Firstly, they trained the neural network that controlled Cassie to master a simple skill from scratch, such as jumping on the spot, walking forward, or running forward without toppling over. It was taught by being encouraged to mimic motions it was shown, which included motion capture data collected from a human and animations demonstrating the desired movement.

After the first stage was complete, the team presented the model with new commands encouraging the robot to perform tasks using its new movement skills. Once it became proficient at performing the new tasks in a simulated environment, they then diversified the tasks it had been trained on through a method called task randomization. 

This makes the robot much more prepared for unexpected scenarios.
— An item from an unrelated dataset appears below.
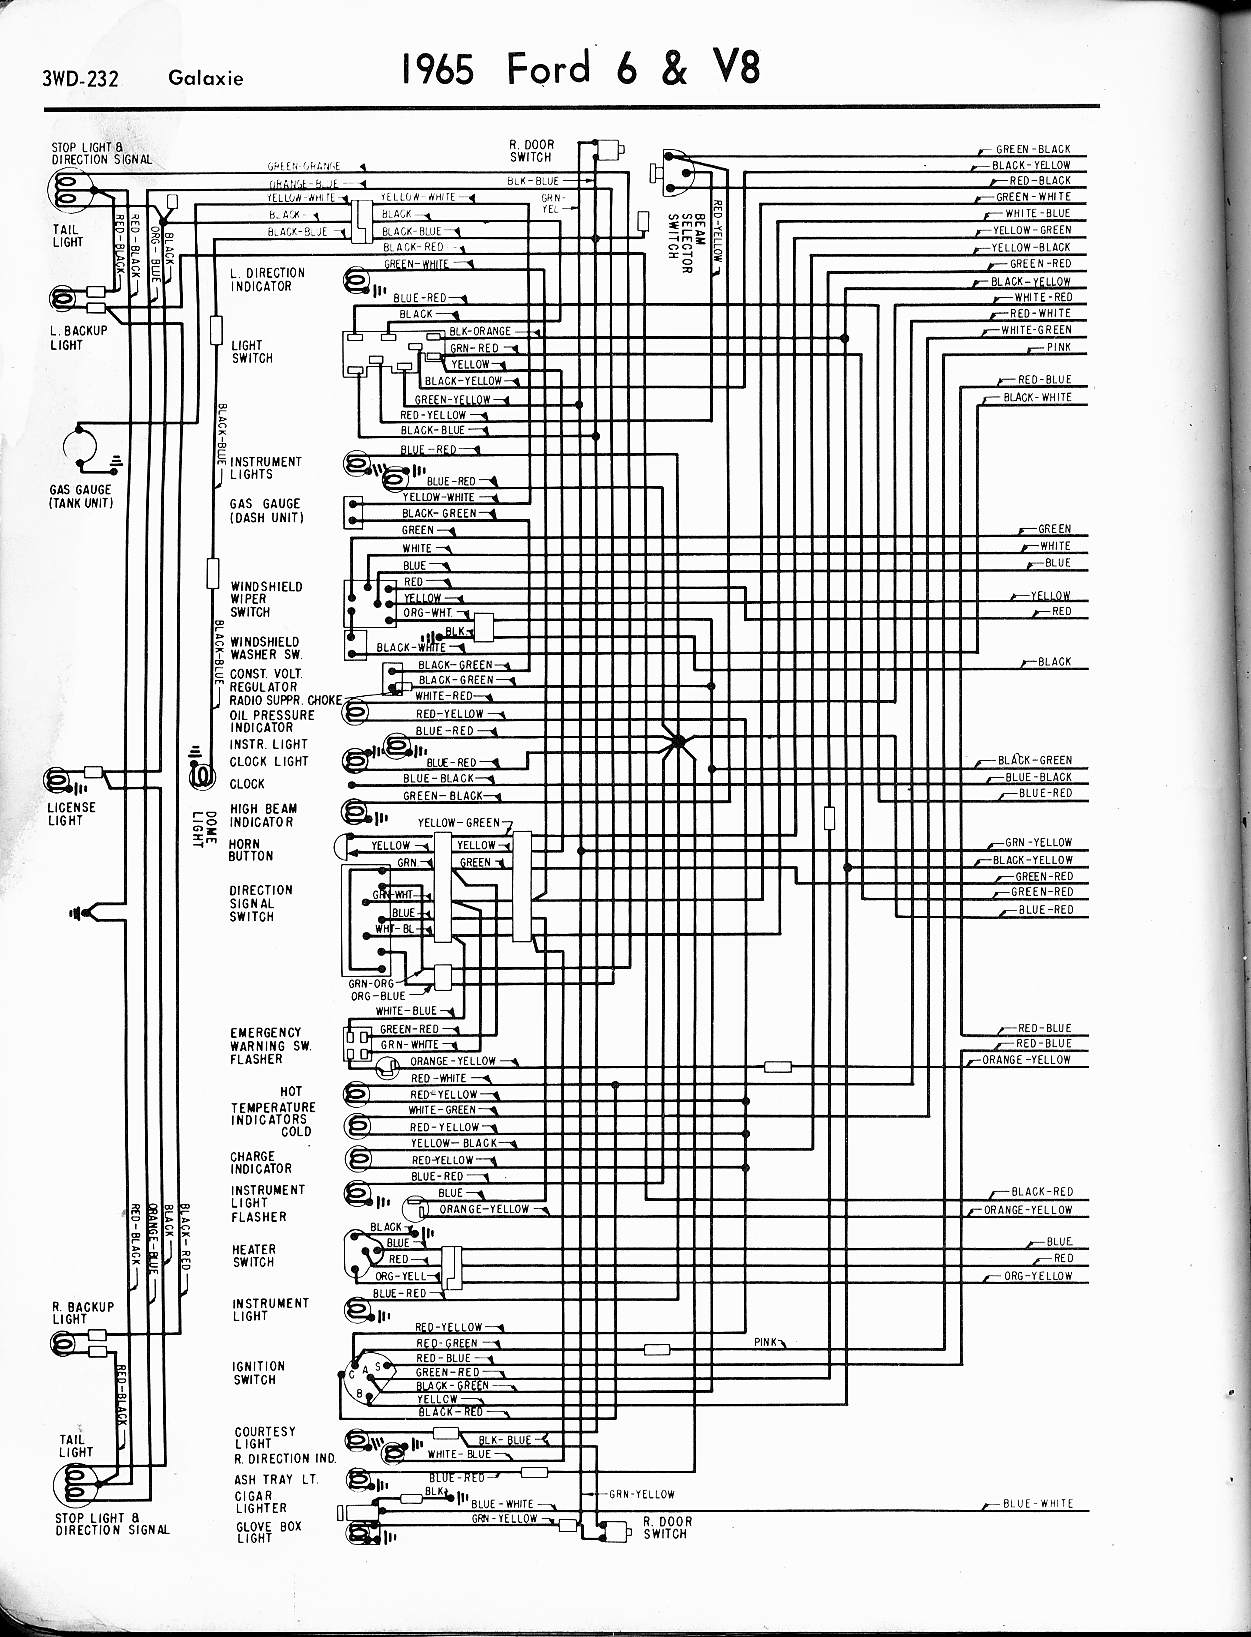 2000 Ford Ranger Fuel Gauge Wiring Diagram from www.oldcarmanualproject.com

For example, the robot was able to maintain a steady running gait while being pulled sideways by a leash. “We allowed the robot to utilize the history of what it’s observed and adapt quickly to the real world,” says Li.

Cassie completed a 400-meter run in two minutes and 34 seconds, then jumped 1.4 meters in the long jump without needing additional training.

The researchers are now planning on studying how this kind of technique could be used to train robots equipped with on-board cameras. This will be more challenging than completing actions blind, adds Alan Fern, a professor of computer science at Oregon State University who helped to develop the Cassie robot but was not involved with this project.

“The next major step for the field is humanoid robots that do real work, plan out activities, and actually interact with the physical world in ways that are not just interactions between feet and the ground,” he says.